━━ RAW DATA ━━

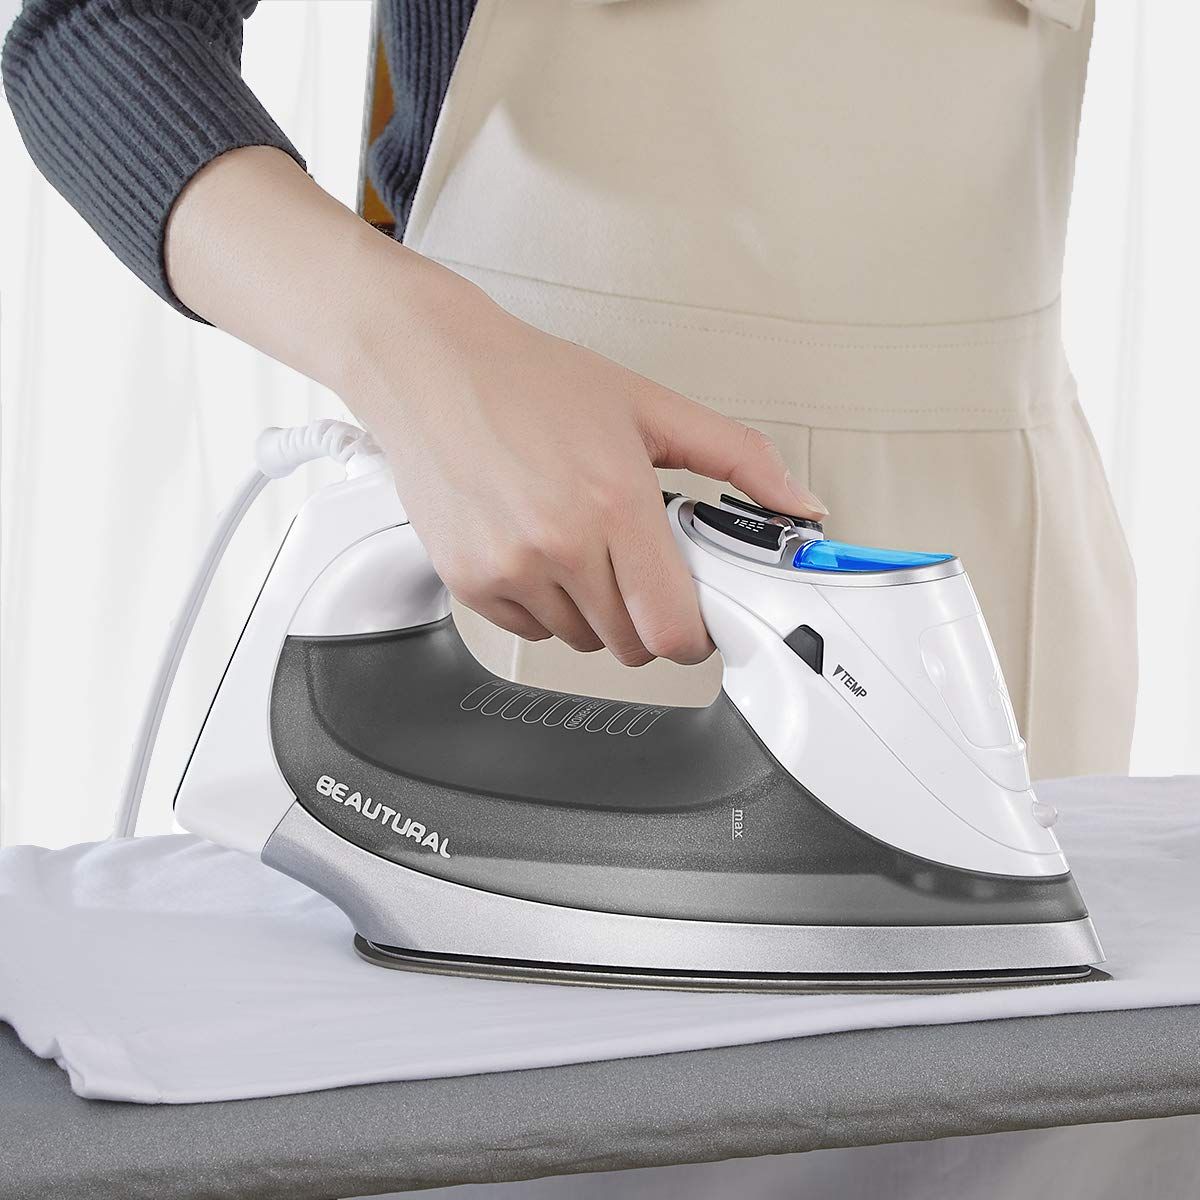 паровой утюг steam ironing фото 84
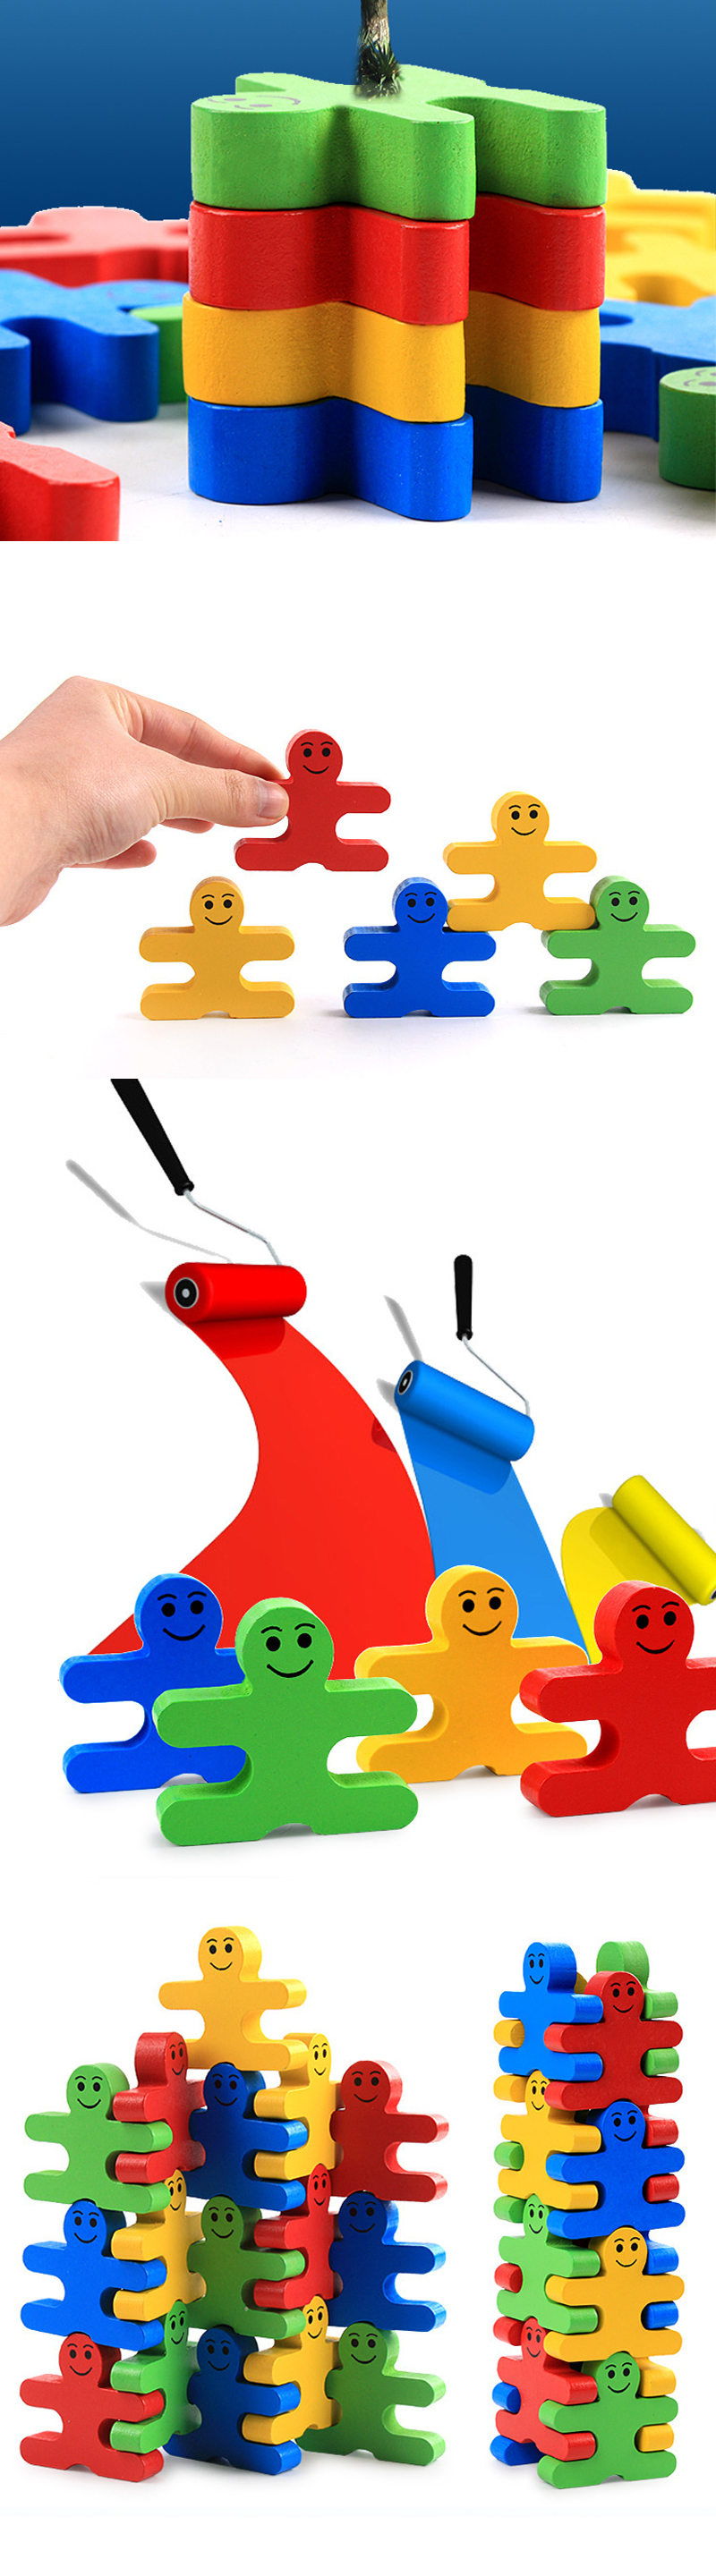 Wooden-Creative-Cartoon-Balance-Building-Blocks-Childrens-Educational-Wooden-Blocks-Toys-Kindergarte-1536420-2
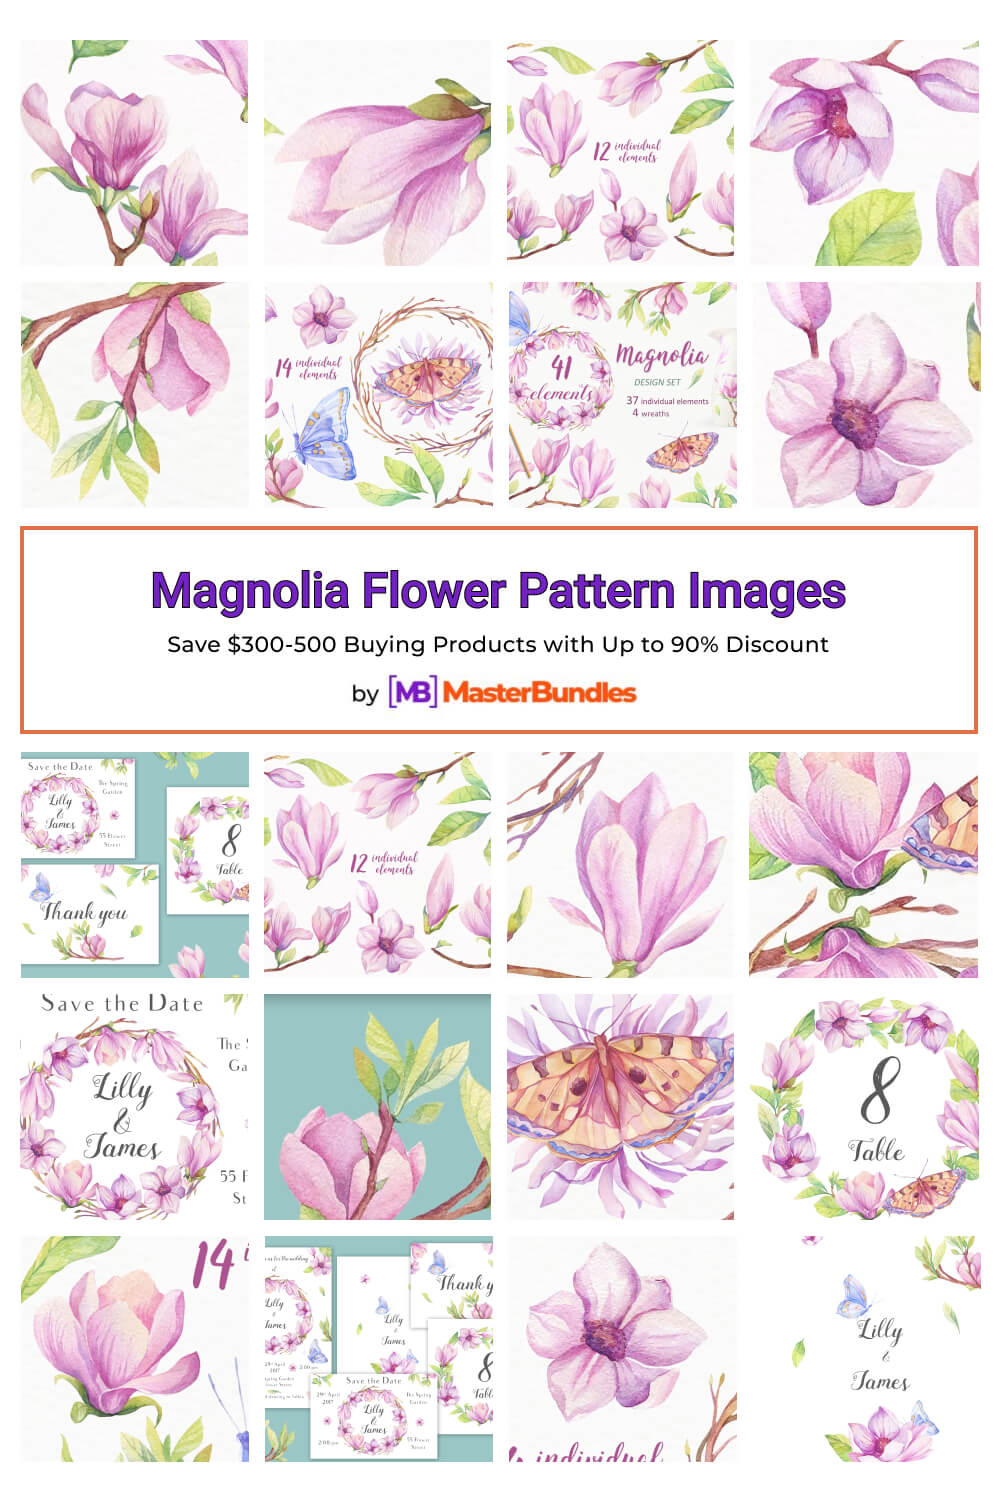 magnolia flower pattern images pinterest image.
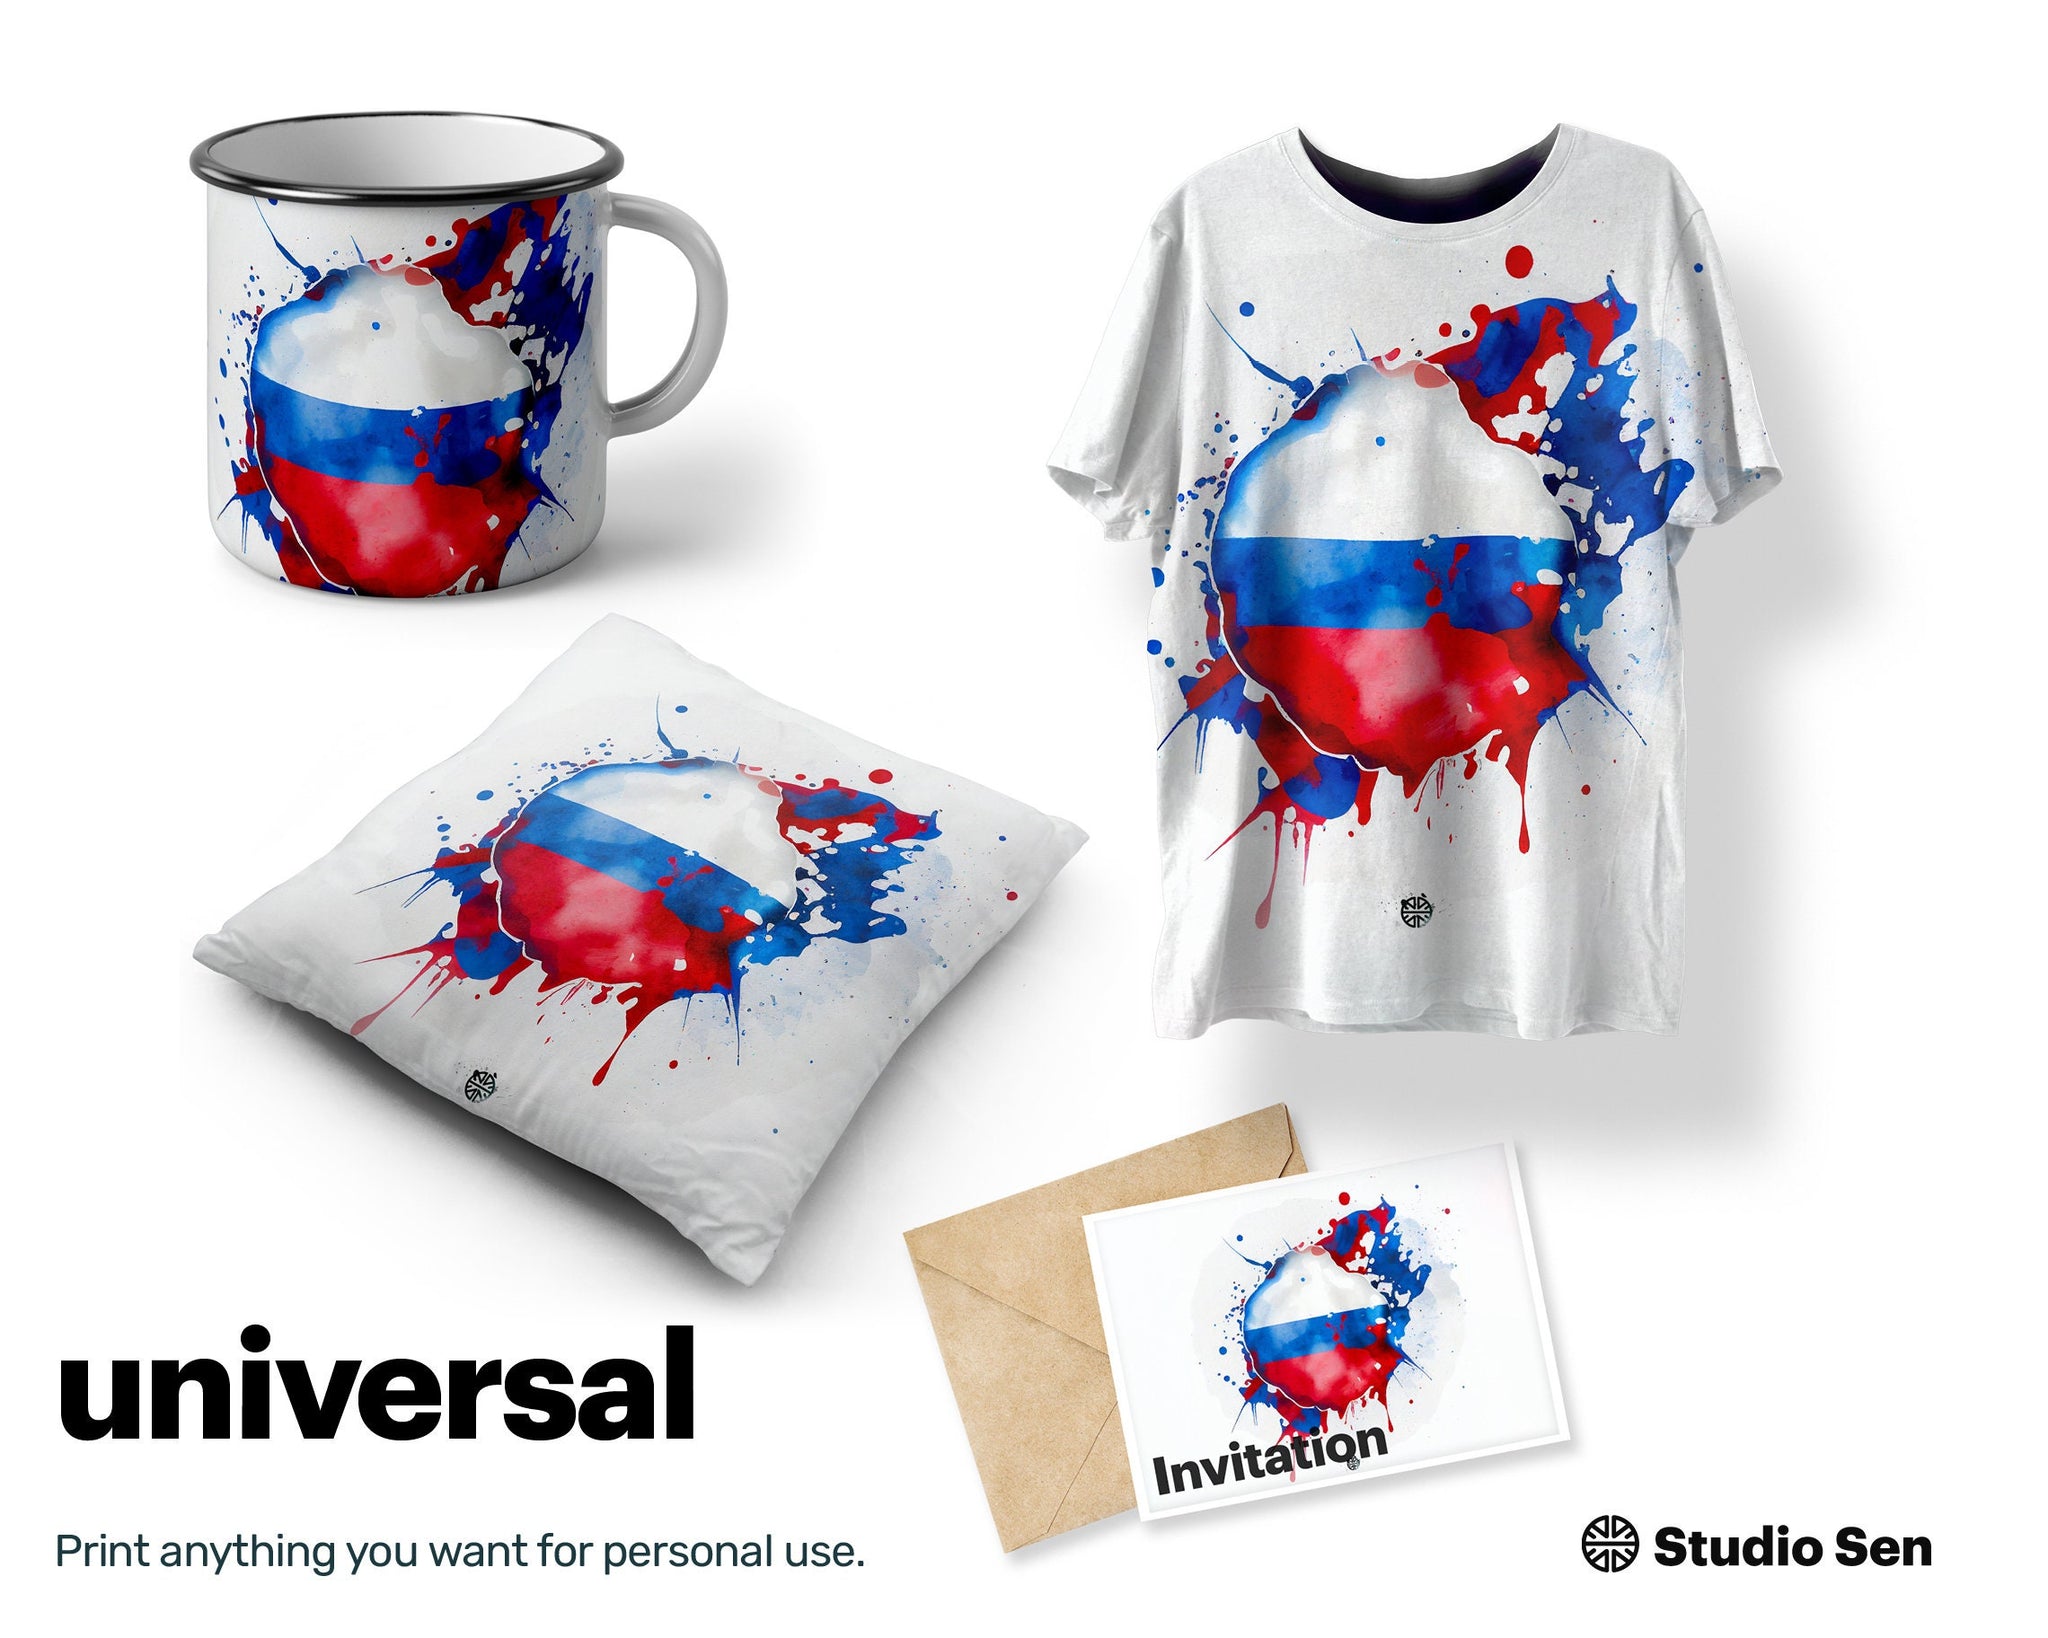 Clever Fantastic Slovak flag, Dancing Happy Digital Download, Downloadable Zany Liquid Nifty Marvelous Design

━━━

### WHAT YOU HAVE TO DO
Give back, unaltered, each line of the listing from the first to the line that contains "magnolia flower pattern", leaving every picture out.

### ANSWER FOR THE TASK
 паровой утюг steam ironing фото 84
 Wooden-Creative-Cartoon-Balance-Building-Blocks-Childrens-Educational-Wooden-Blocks-Toys-Kindergarte-1536420-2
 magnolia flower pattern images pinterest image.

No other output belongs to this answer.